### Task details
Pictures are not part of the answer. Write out exactly the lines from the one containing "Audi R8 Gloss" through the end of the material below.

### Data section

((

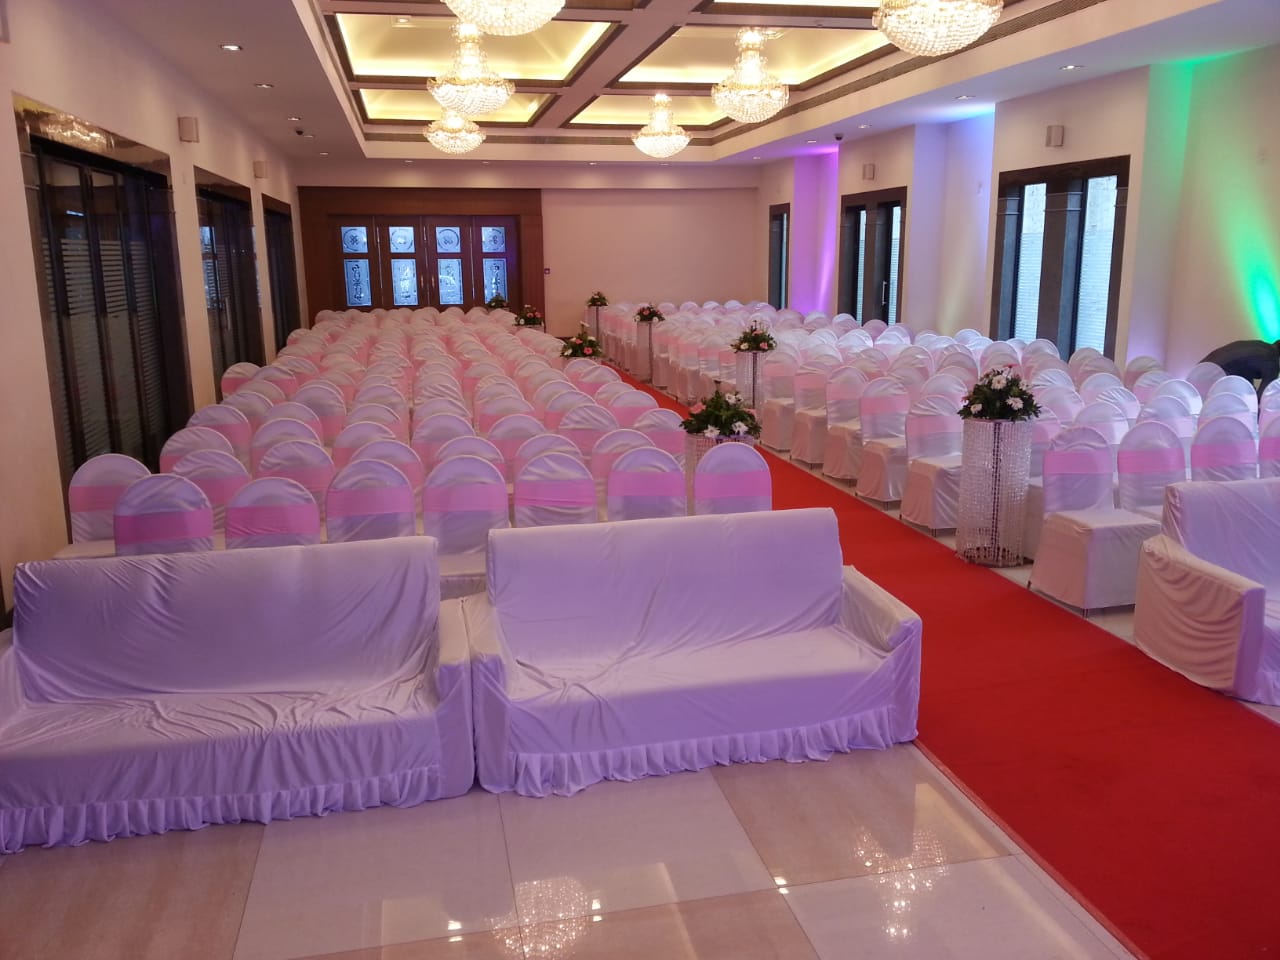 Maharaja Banquet Hall Mira Road Mumbai | Banquet Hall | Menu, Price,  Reviews & Availability
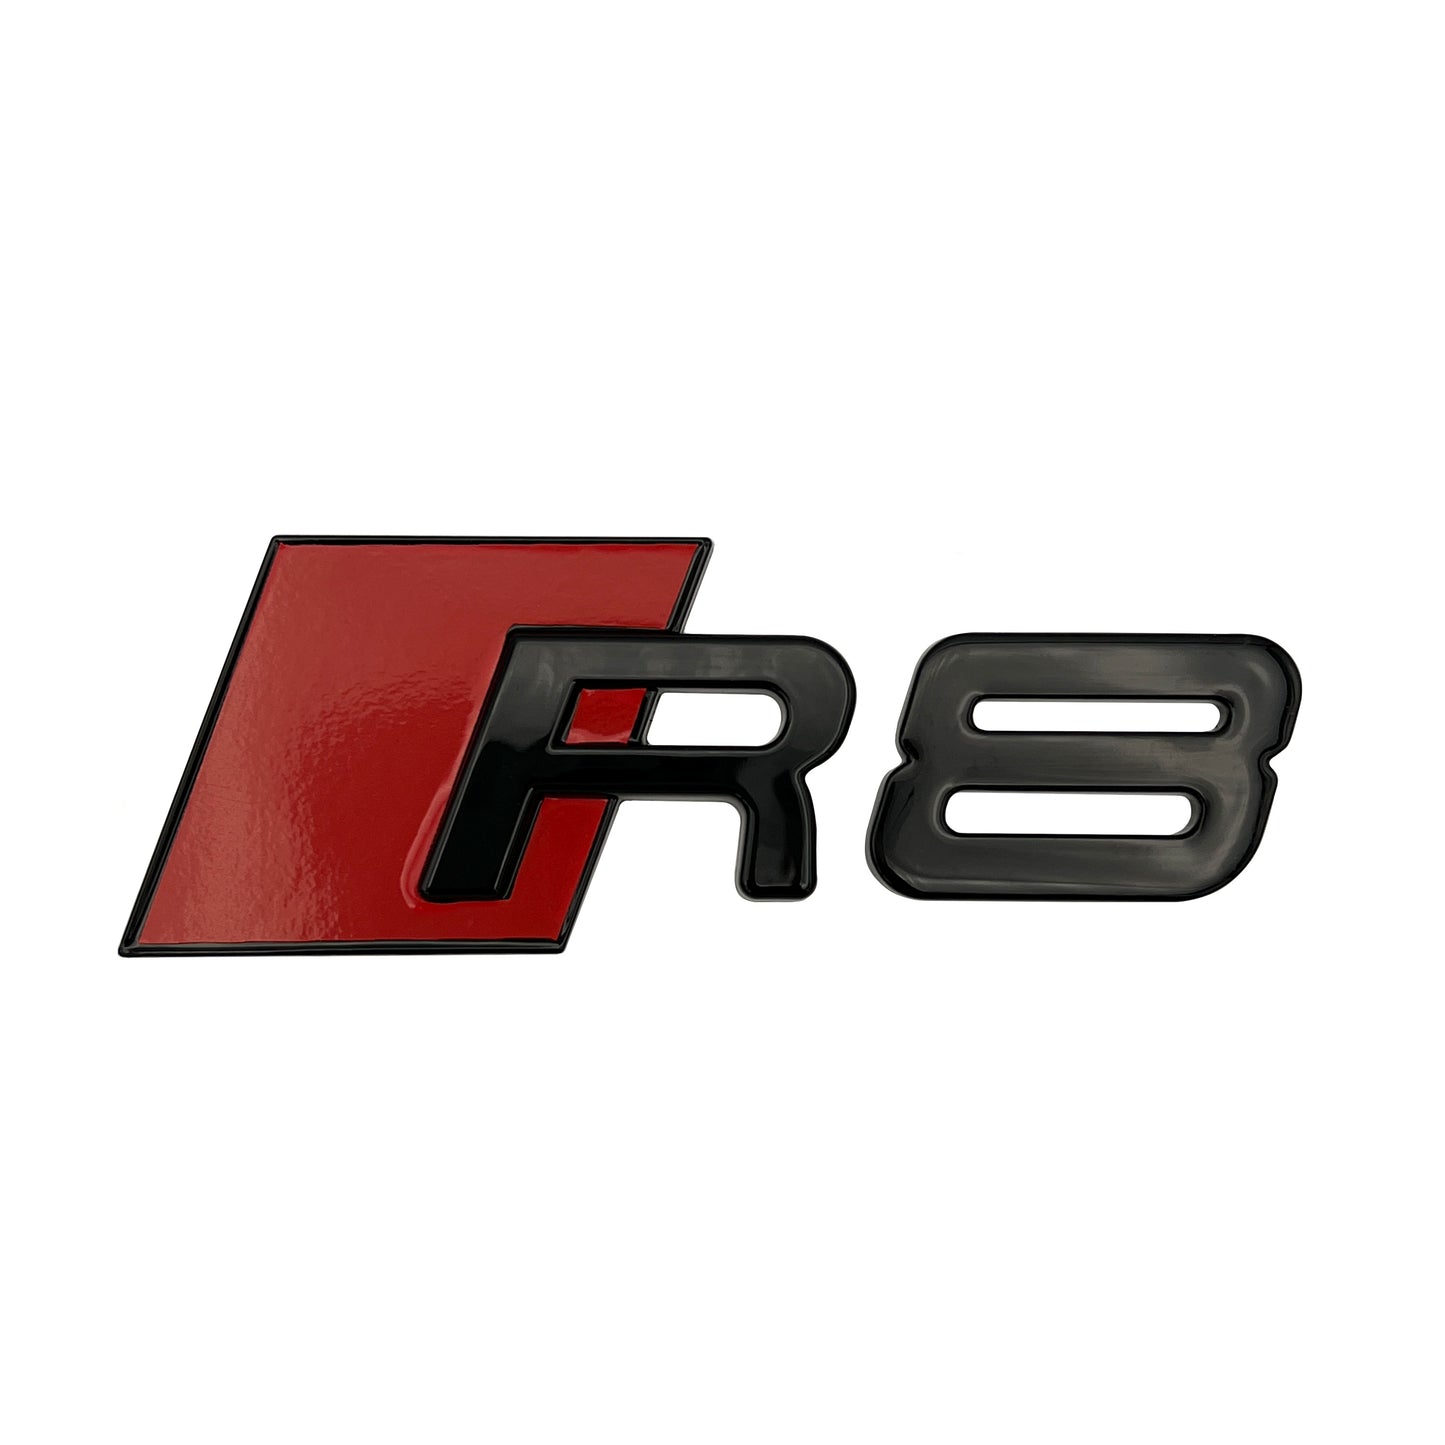 Audi R8 Gloss Black Emblem 3D Badge Rear Trunk Lid for Audi S Line Logo Modified
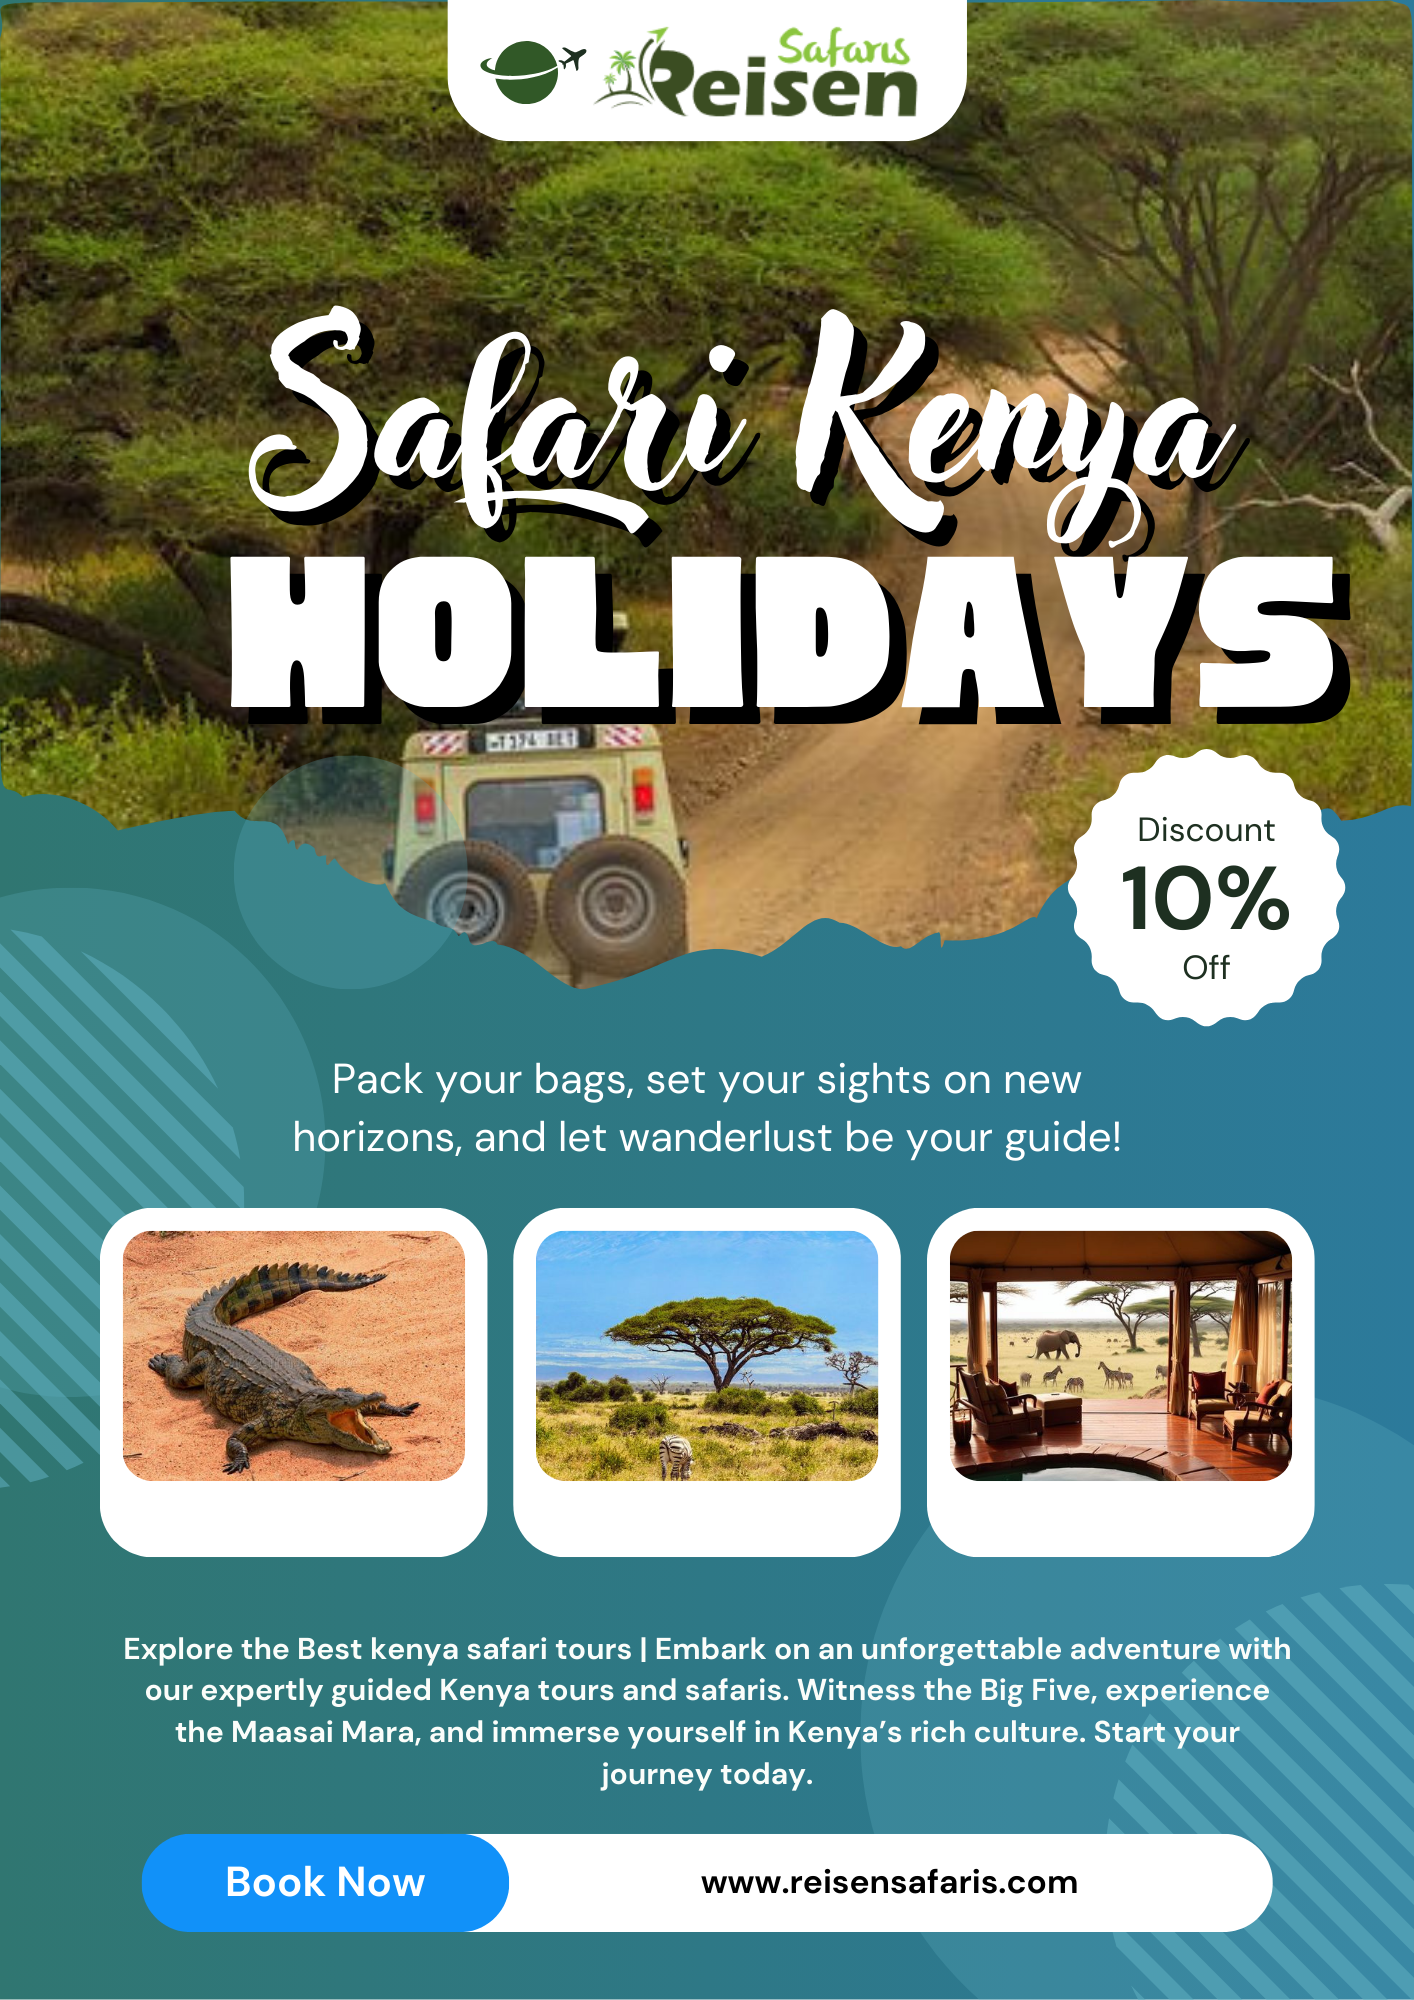  Safari Kenya Holidays

))

### Response to the task
 Audi R8 Gloss Black Emblem 3D Badge Rear Trunk Lid for Audi S Line Logo Modified
  Safari Kenya Holidays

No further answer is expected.